Thursday, 13 September 2012

The Second Chronicles of Thomas Covenant the Unbeliever by Stephen Donaldson

Ouch. My wild magic hurts.
Every so often there comes along a book that is capable of devastation, one that wreaks emotional havoc and leaves strewn in its wake nothing but exhaustion, myopia and psychological ruin. I refer you to something like A Million Little Pieces by James Frey (back when it was biography and not fiction) or, for very different reasons, A La Recherche du Temps Perdu (which, at over a million words, is the very definition of an exhausting read). Both books have had, at different times, the same power to make me want to engulf any handy intoxicant and cry myself to sleep.

Picture then, if you will, not one novel, not even 7 (à la Marcel Proust), but 9 books of the most soul-crushing emotional turmoil imaginable. Admittedly I have yet to read books 7, 8 and 9, but after reading the second omnibus of Thomas Covenant, I think I’m due a break.

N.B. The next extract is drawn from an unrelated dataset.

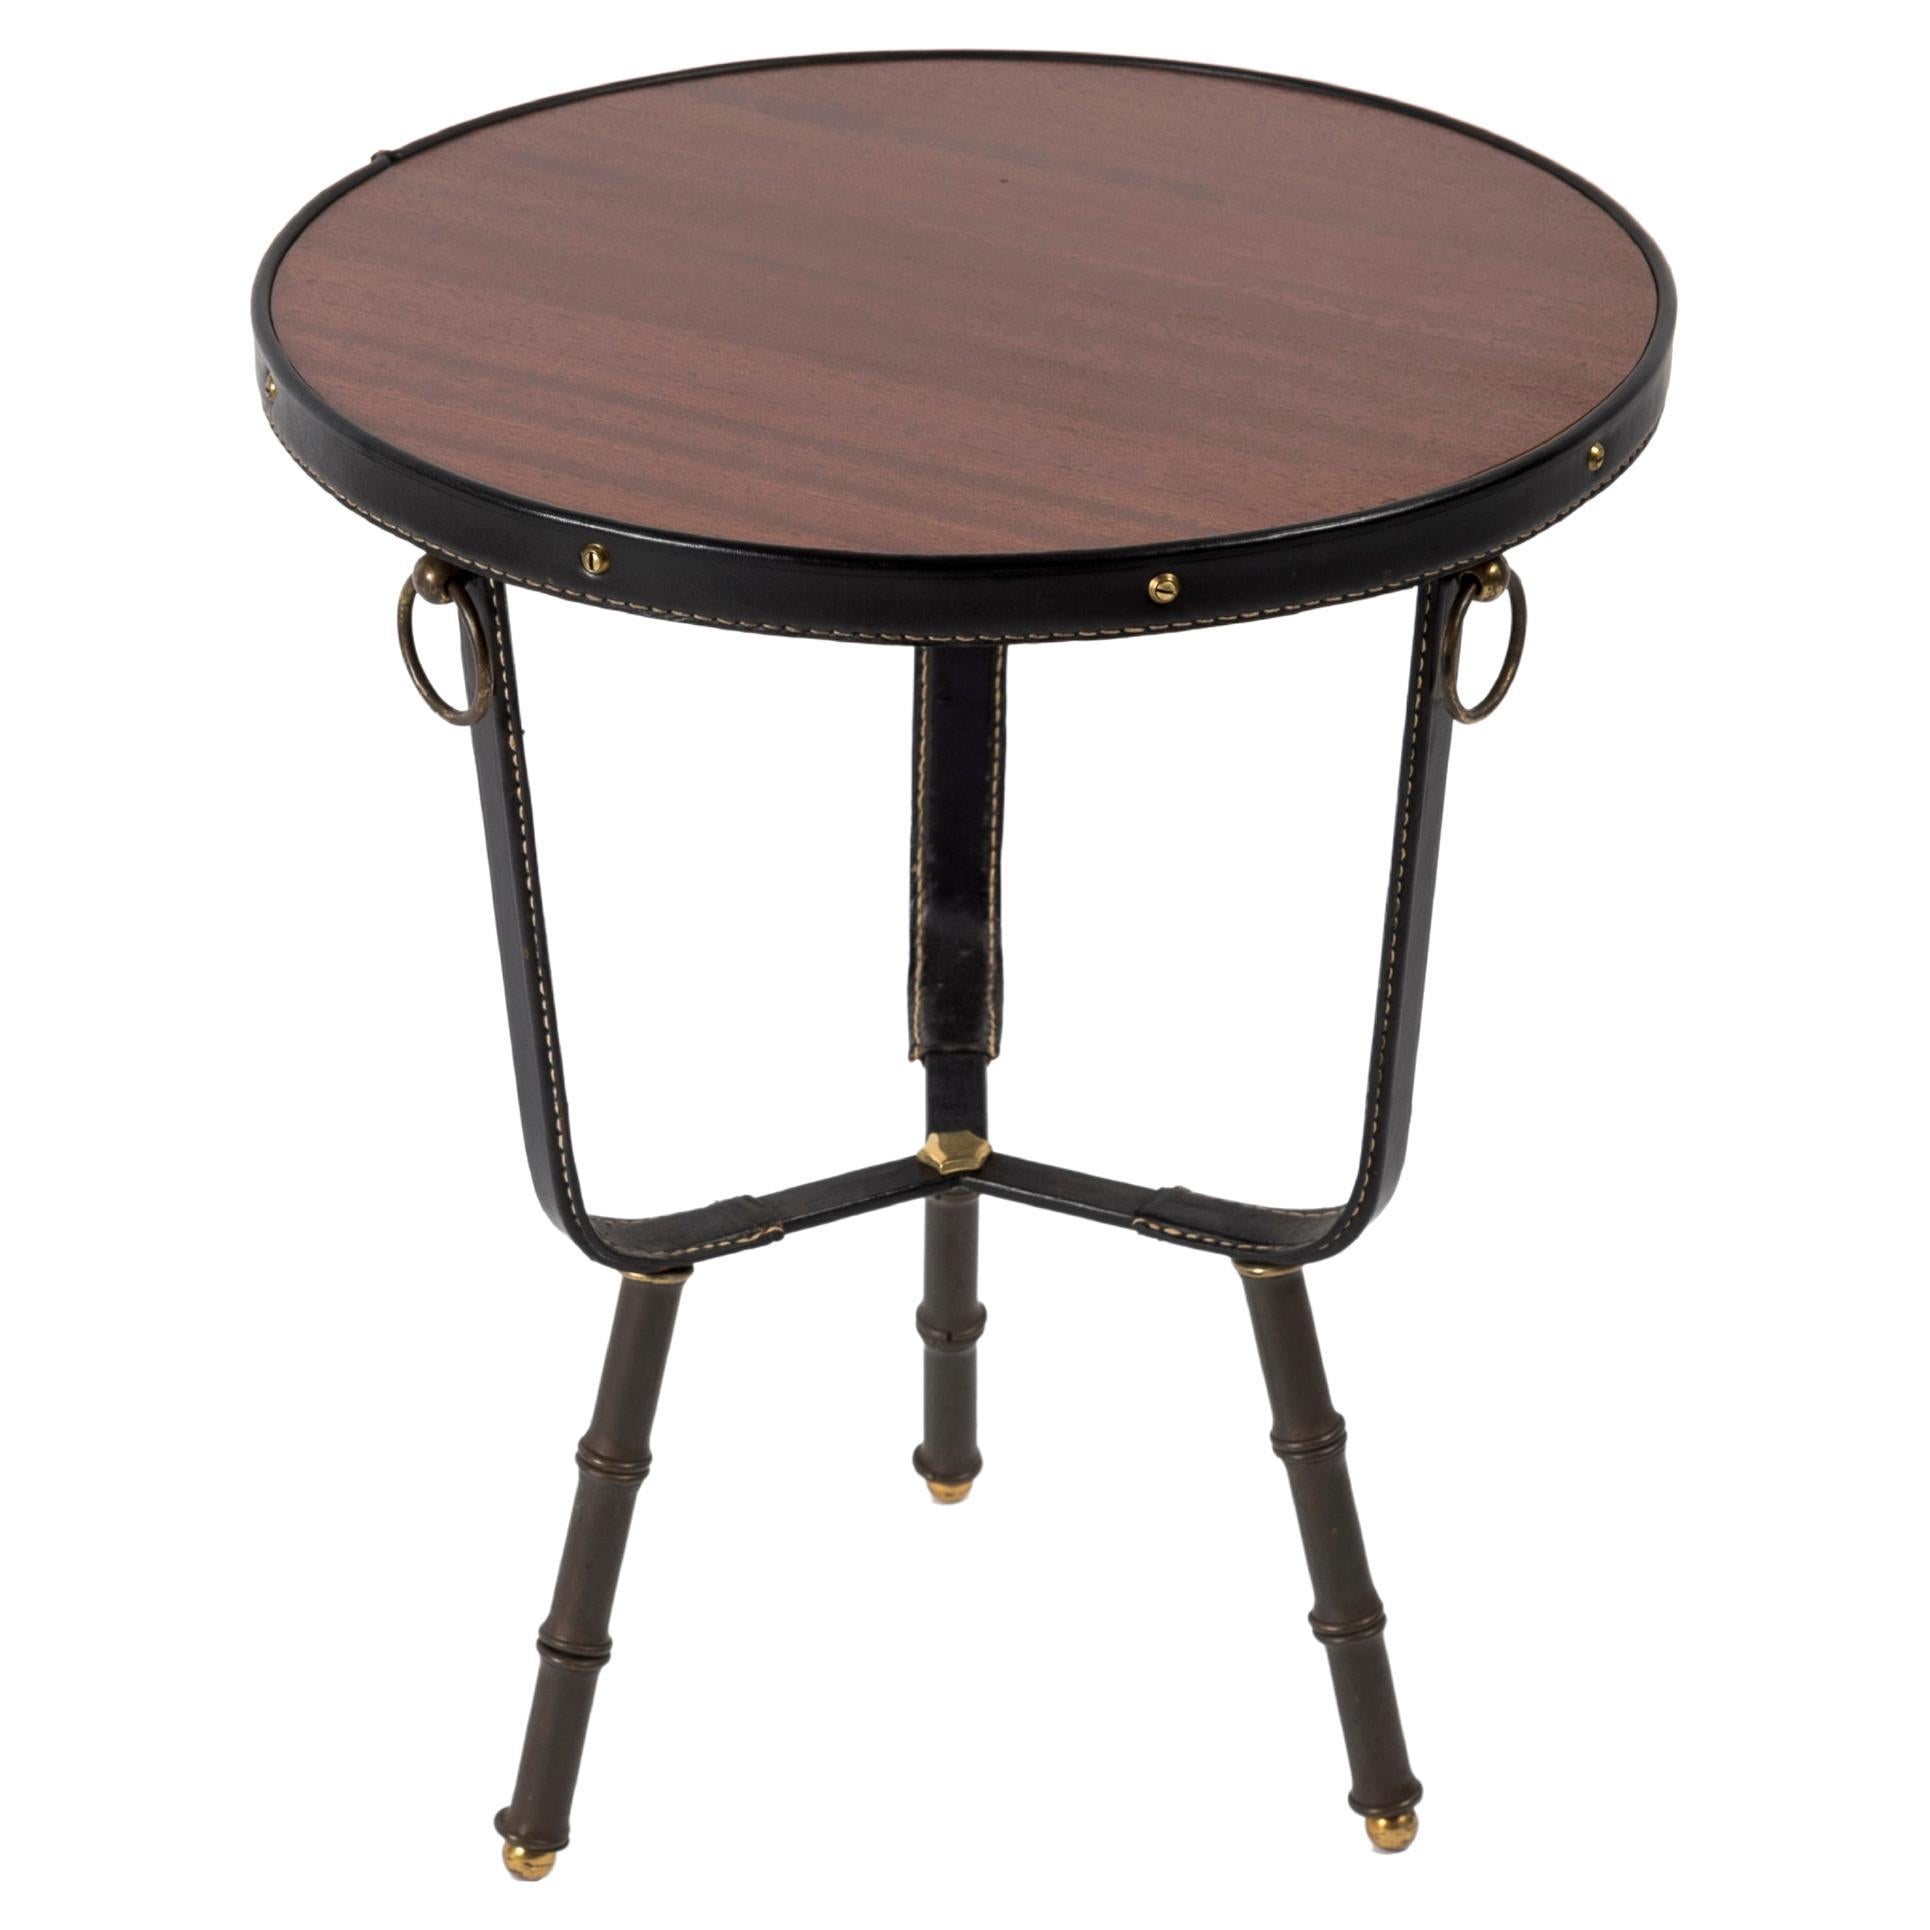 1950's Stitched Leather Side Table by Jacques Adnet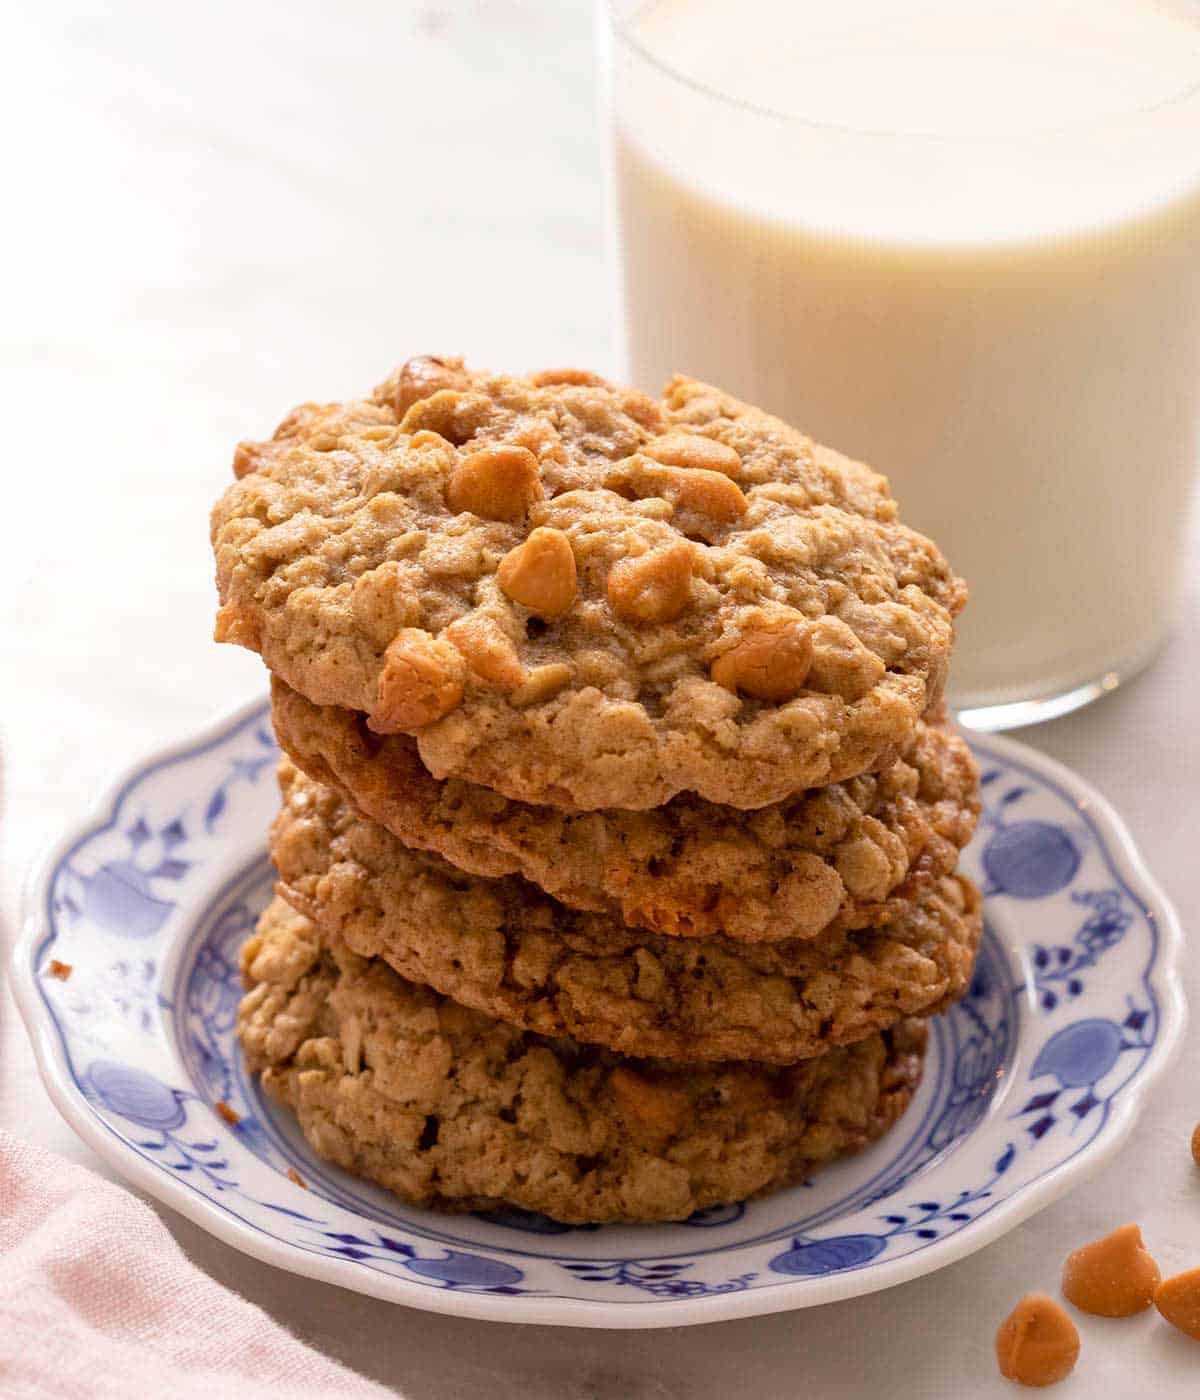 Oatmeal scotchies stacked up on a plate with a glass of milk behind it

The Second Chronicles of Thomas Covenant the Unbeliever sees the eponymous sceptic and leper thrust back into the service of The Land, an alternate reality where Covenant’s illness is held in check and where his wedding band, a remnant from a marriage ended by the onset of his condition, holds the key to unimaginable power. The Land is sick, Lord Foul’s Sunbane afflicting all life with its alternating droughts, deluges, pestilence and febrile fertility. The people he once knew are gone, 3000 years having passed since his last visit, in relative temporal terms, and those that remain make sacrifices of blood to ensure their survival. The Land is devastated, next to death. This time, however, following him across the divide is an equally disturbed doctor, named The Chosen and also Sun Sage, and whose presence is a matter of great concern to everyone, especially Covenant.

I read somewhere that Donaldson was fearful of writing a follow up to the first three books, and also the third story arc once number two was under the belt. In fact, this is what he said:
“I was afraid. At my first glimpse of The Last Chronicles, I knew that it would be astonishingly difficult to write... in order to accomplish that goal I'll have to go far beyond my known abilities, both as a story-teller and as a writer. The prospect terrified me.”
Before beginning The Last Chronicles... he also told his official website, 
“I'm not ready... I'm probably never going to be ready.” 
You may think he is talking about the commitment of time, the pitting of his abilities against an Herculean task, or proving to the world that the success of the first books was not just a fluke. I believe he is talking about mining the depths of the soul, re-visiting the dark places where Covenant’s irrational and disease-ridden impulses push up through his conscious will to corrupt his desire to help. It must be a terrifying experience, to submerge oneself in such a dark way of thinking, considering that reading what he writes is a challenging endeavour. Reading 1200 pages of it is like submitting to electro-shock. I can’t imagine what writing it must take out of him.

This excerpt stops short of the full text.